Nisse said:
This is the sort of thing I was referring to, but did not express it as eloquently. I would be grateful for Frederik's comments on this.
Most of what Greene says are things I don't mind, e.g. "through space-time at one fixed speed", "all of the objects motion is used to travel through time", "it is the object’s speed in this generalized sense that is equal to that of light". This is his attempt to say the same things that I said about four-velocity, while consistently avoiding any reference to mathmatics. Unfortunately that last thing just makes it difficult, if not impossible, to understand what he's saying (if you don't know the mathematics already).

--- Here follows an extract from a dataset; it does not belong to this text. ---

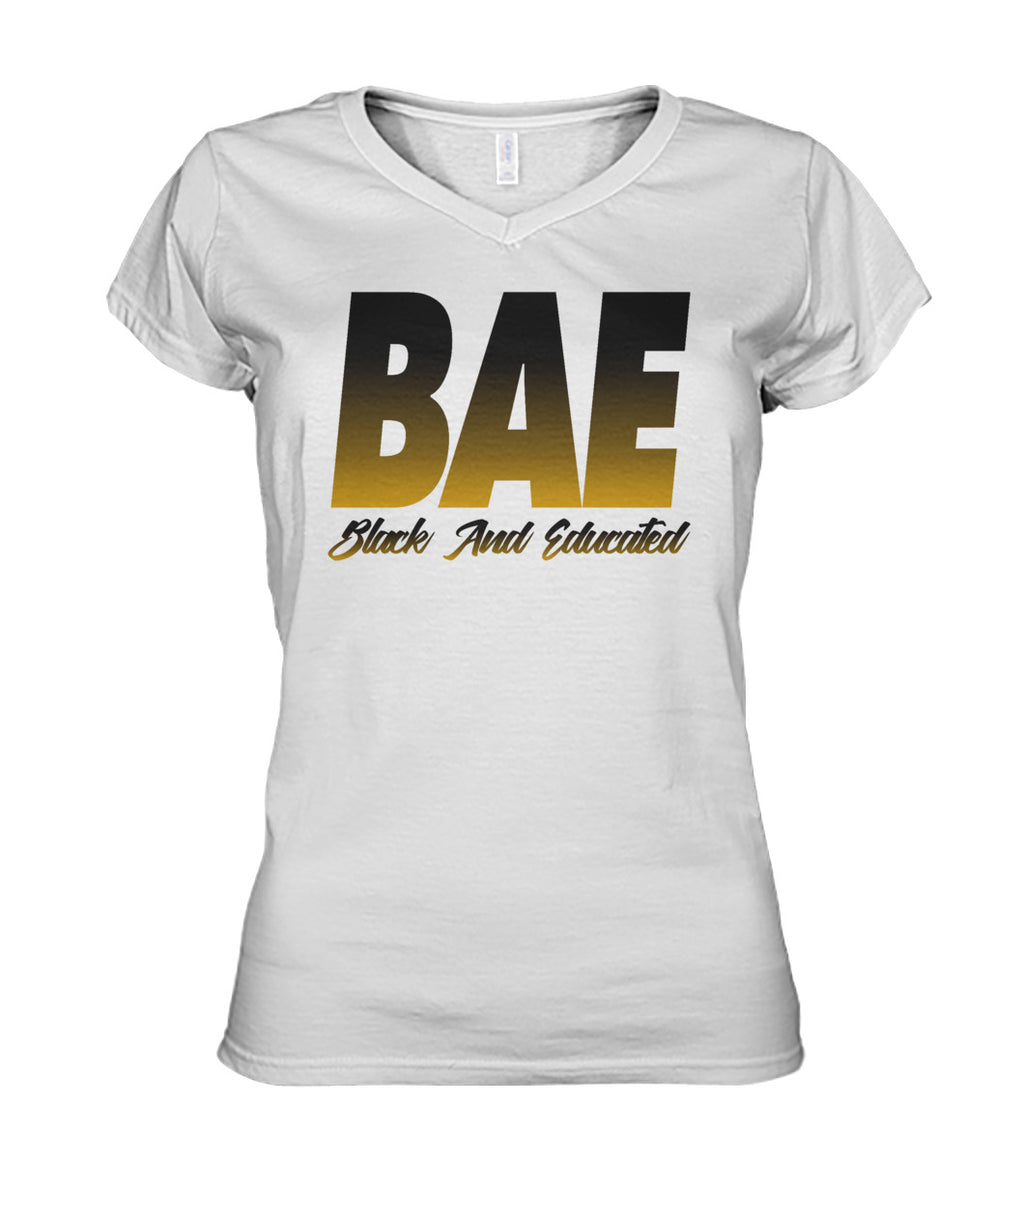 Black and Educated- Grambling Edition Women's V-Neck

This is a part of the Greene quote that I don't like at all, because it's so easy to misinterpret: "Something traveling at light speed through space will have no speed left for motion through time".
Think of a spacetime diagram representing the inertial coordinates in which you are stationary. Time in the "up" direction, space in the "right" direction. (No need to consider more than one spatial dimension for this). What we mean by saying that an object that's stationary (in this frame) is moving only through time (in this frame) is that its four-velocity is a vector pointing straight up. Its components are (c,0). The four-velocity of an object moving with speed v to the right is \gamma(c,v). This vector isn't pointing straight up. It makes an angle arctan(v/c) with the time axis. This angle is in the interval [0,45°). That's what we mean when we say that the object is moving through both space and time. We're talking about the direction of its four-velocity vector
in our own rest frame.
Now look at the words "Something traveling at light speed
through space will have no speed left for motion through time". He's not talking about a particle with speed c. He's saying that if something has a four-velocity vector that makes a
90 degree angle with the time axis, it's not moving through time. This is an "object" (in some generalized sense) which is moving at
infinite speed, not light speed. The words "traveling at light speed" is a reference to the fact that a four-velocity vector always satisfies -(u^0)^2+\vec u^2=-c^2, and "through space" specifies that the projection of the vector he's talking about onto the time axis is zero.
Now let's talk about the
worst part of the Greene quote: "Thus light does not get old; a photon that emerged from the big bang is the same age today as it was then. There is no passage of time at the speed of light". This looks like complete crazy talk in this context, because he didn't even say that he has now abandoned the description of motion in terms of which way the four-velocity vector is pointing in
his rest frame, and is now talking about which way the four-velocity vector (c,0) of a stationary object will point if we apply a Lorentz transformation with speed v and take the limit v→∞. A Lorentz transformation with velocity -v takes (c,0) to \gamma(c,v), i.e. it tilts the time axis by an angle arctan v. It also tilts the x-axis in the opposite direction by the same amount. In the limit v→∞, both axes get tilted 45° in opposite directions, which makes them coincide. (They will point in the same direction or opposite directions, depending on the direction of the velocity).
There are several reasons why this inappropriate, and very misleading. The first is that he didn't
say that he's no longer considering the four-velocity vector in his own rest frame, and is instead trying to imagine what it looks like in "the photon's rest frame". The other reasons are the ones I have already stated (use the link in #2) for why it doesn't make sense to think of that limit as the photon's rest frame.
A claim has to make sense to be incorrect, and this one doesn't. So I don't think that's what those articles said. I'm assuming that they talked about the fact that the magnitude of the four-velocity (see e.g.